Hipernim adalah kata-kata yang mewakili banyak kata lain. Kata hipernim dapat menjadi
kata umum dari penyebutan kata-kata lainnya. Sedangkan hiponim adalah kata-kata yang
terwakili artinya oleh kata hipernim. Umumnya kata-kata hipernim adalah suatu kategori dan
hiponim merupakan anggota dari kata hipernim. Contoh :
(1) Hipernim : Hantu. Hiponim : Pocong, kantong wewe, sundel bolong, kuntilanak,
pastur buntung, tuyul, genderuwo, suster ngesot, dan lain-lain.
(2) Hipernim : Ikan. Hiponim : Lumba-lumba, tenggiri, hiu, betok, mujaer, sepat, cere,
gapih singapur, teri, sarden, pari, mas, nila, dan sebagainya.

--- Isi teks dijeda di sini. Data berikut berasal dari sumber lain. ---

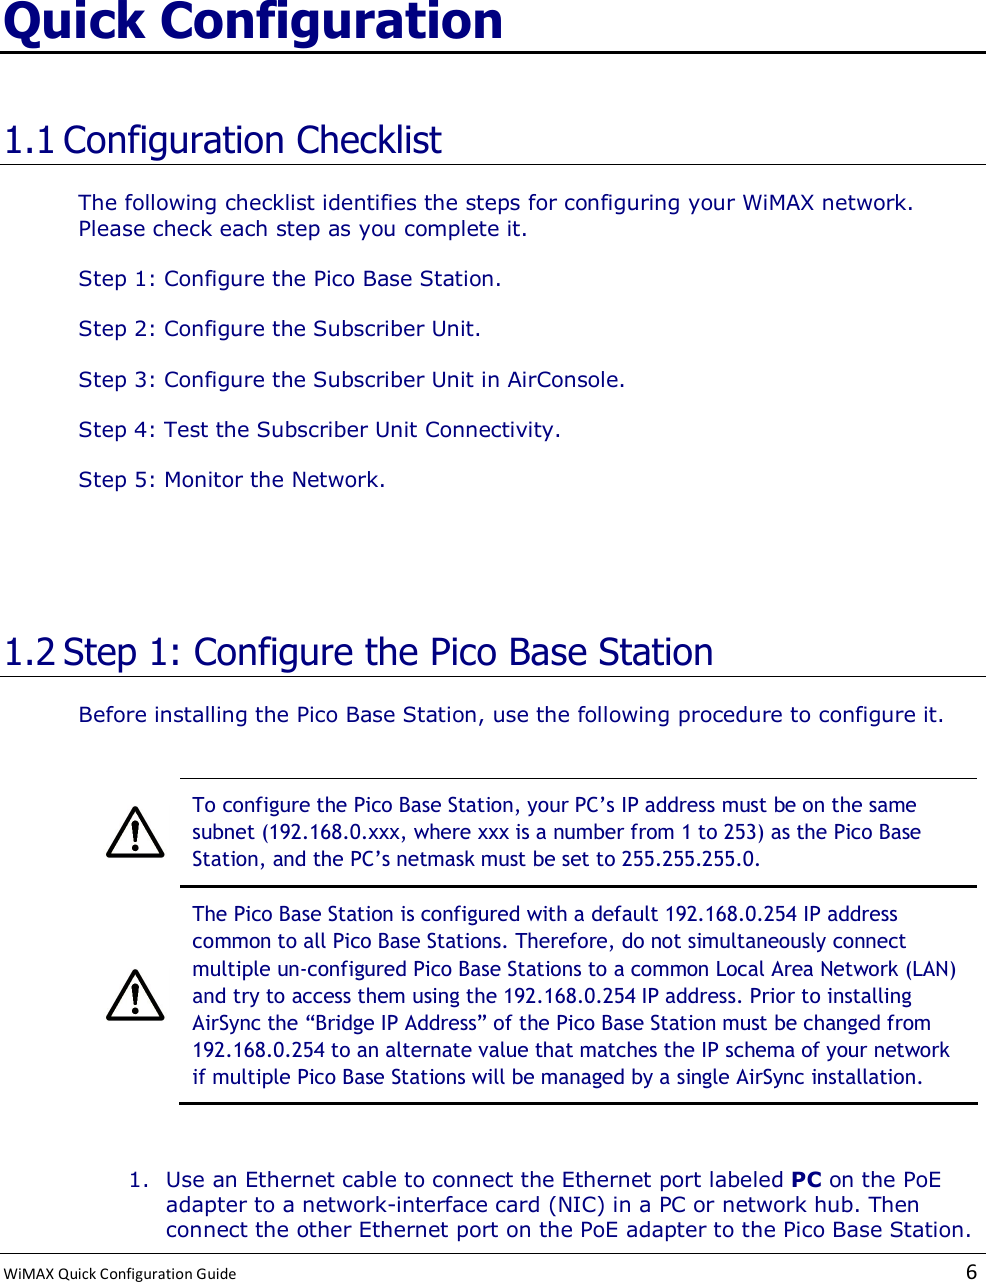  WiMAX Quick Configuration Guide   6    Quick Configuration 1.1 Configuration Checklist The following checklist identifies the steps for configuring your WiMAX network. Please check each step as you complete it. Step 1: Configure the Pico Base Station. Step 2: Configure the Subscriber Unit. Step 3: Configure the Subscriber Unit in AirConsole. Step 4: Test the Subscriber Unit Connectivity. Step 5: Monitor the Network.   1.2 Step 1: Configure the Pico Base Station Before installing the Pico Base Station, use the following procedure to configure it.   To configure the Pico Base Station, your PC’s IP address must be on the same subnet (192.168.0.xxx, where xxx is a number from 1 to 253) as the Pico Base Station, and the PC’s netmask must be set to 255.255.255.0.  The Pico Base Station is configured with a default 192.168.0.254 IP address common to all Pico Base Stations. Therefore, do not simultaneously connect multiple un-configured Pico Base Stations to a common Local Area Network (LAN) and try to access them using the 192.168.0.254 IP address. Prior to installing AirSync the “Bridge IP Address” of the Pico Base Station must be changed from 192.168.0.254 to an alternate value that matches the IP schema of your network if multiple Pico Base Stations will be managed by a single AirSync installation.  1. Use an Ethernet cable to connect the Ethernet port labeled PC on the PoE adapter to a network-interface card (NIC) in a PC or network hub. Then connect the other Ethernet port on the PoE adapter to the Pico Base Station.

(3) Hipernim : Odol. Hiponim : Pepsodent, ciptadent, siwak f, kodomo, smile up, close up,
maxam, formula, sensodyne, dan lain-lain.
(4) Hipernim : Kue. Hiponim : Bolu, apem, nastar nenas, biskuit, bika ambon, serabi,
tete, cucur, lapis, bolu kukus, bronis, sus, dan sebagainya.